As a general guideline, do not ignore input data presented in media reports. But, do ignore estimates (including mine). It’s best to use data, in conjunction with historic trends, to make an independent assessment. I prefer my own mistakes and biases to others’.

What about remaining states?

State-wide data is unavailable for 2020 outside of these twelve states. Some city-level data is available. Hyderabad and Kolkata deaths grew 17% and 7% respectively over 2019. However, cities can be unrepresentative of states. In 2020, Bangalore deaths grew 16% while Karnataka deaths grew at a way lower 8%. Similarly, Chennai deaths grew 11% while TN grew 8%. Mumbai grew 23% while Maharashtra grew 1%. Hyderabad’s historic growth of 10% a year over 2016-19 is way higher than Telengana’s 4%. Perhaps, cities serving as medical hubs distorted trends. Whatever the reason, it doesn’t seem prudent to extrapolate from city-level data.

There is no way to precisely know how remaining 28% of India did in 2020. There are unreliable straws in the wind. Kolkata data hints that West Bengal may not have been too elevated. States like Orissa and Jharkhand seem to have done better than most even in second-wave, making them unlikely candidates for excess deaths in first-wave. However, serious analysis cannot be based on such speculations.

For that, I can think of two approaches. First, 72% of India is closer to universe than to a sample. While it may not be perfectly representative, it is our best available estimate for how all of India did. Second, use what-if scenarios for the remainder. If remaining 28% of India witnessed deaths 5% above trend (i.e. 8-10% growth in deaths over 2019), that is over 100,000 excess deaths (5% of ~2 million). With India reporting 150,000 covid deaths over 2020, this is not indicative of elevated undercount. Rest of India will have to do way worse for such claims to hold, something not backed by available first-wave evidence.

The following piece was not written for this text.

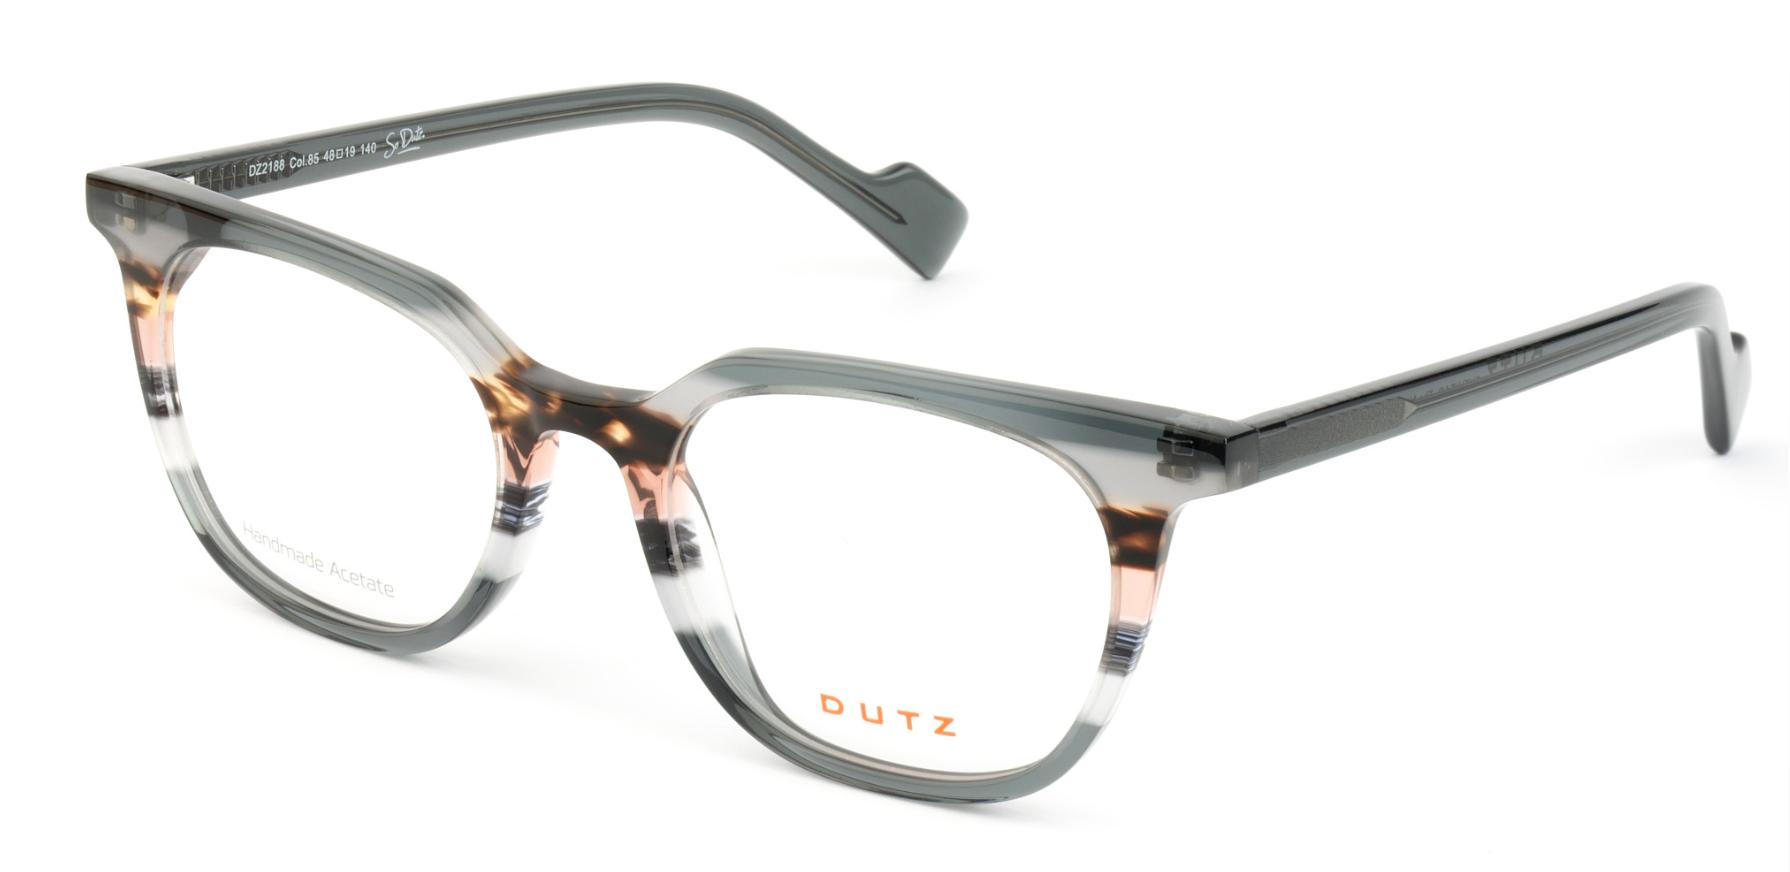 2cc35e7acd Dutz Eyewear at Optical Innovations KC 16

Early-2021 was similar to 2020

While it is hard to put precise start/end dates on pandemic waves, first-wave did not end when 2020 ended. Early part of 2021 marked the tail end of first-wave. 2021 month-wise death data is available for six states (TN, Karnataka, AP, Bihar, Kerala, MP). Jan-March monthly deaths over these six states are 6% above 2019-average, which is roughly consistent with trend-growth over a two-year period. This is does not suggest elevated excess deaths during latter part of first-wave either.

First-wave summary

All things considered, India’s all-cause mortality was roughly in line with historic trend during covid first-wave. This is not suggestive of elevated excess deaths or covid death undercount. As I have written earlier, this does not equate to no undercount at all. Even West, with better systems, estimates at least 1.5x undercount. Let’s just say, outside of inherently unavoidable undercount, India’s covid reporting seems reasonable in first-wave. At the least, excess death analysis doesn’t offer a path to finding undercount. With India recording 160,000 covid deaths till March-2021, ‘true’ first-wave death toll could be somewhat higher but not way higher. That is about as precise as we can get in our messy world.

Implications for second-wave analysis

Above analysis offers a template for analysing second-wave. Idea is to frame all available evidence against historic trend/variations and cautiously estimate above-trend deaths. First-wave analysis also guides us on where to focus. Since deaths were consistent with prior trend till early-2021, entire ‘massive undercount’ debate is limited to a 3-month period (April-May-June 2021). Over any three months of 2021, India is expected to witness over 2 million registered deaths, as per trend. Question becomes, how many additional deaths were witnessed in April-May-June, due to direct and indirect impact of covid.

For a reliable answer, it makes sense to wait for June data. It’s imprudent to leave out one of three months of interest. Also, given inconsistencies in data from prior year, data from prior month(s) will be even more patchy and buggy. Analysis needs to be more careful and inferences more guarded. It will be a tentative estimate, pending validation via formal 2021 statistics. Until then, it is best to not take headlined estimates at face value.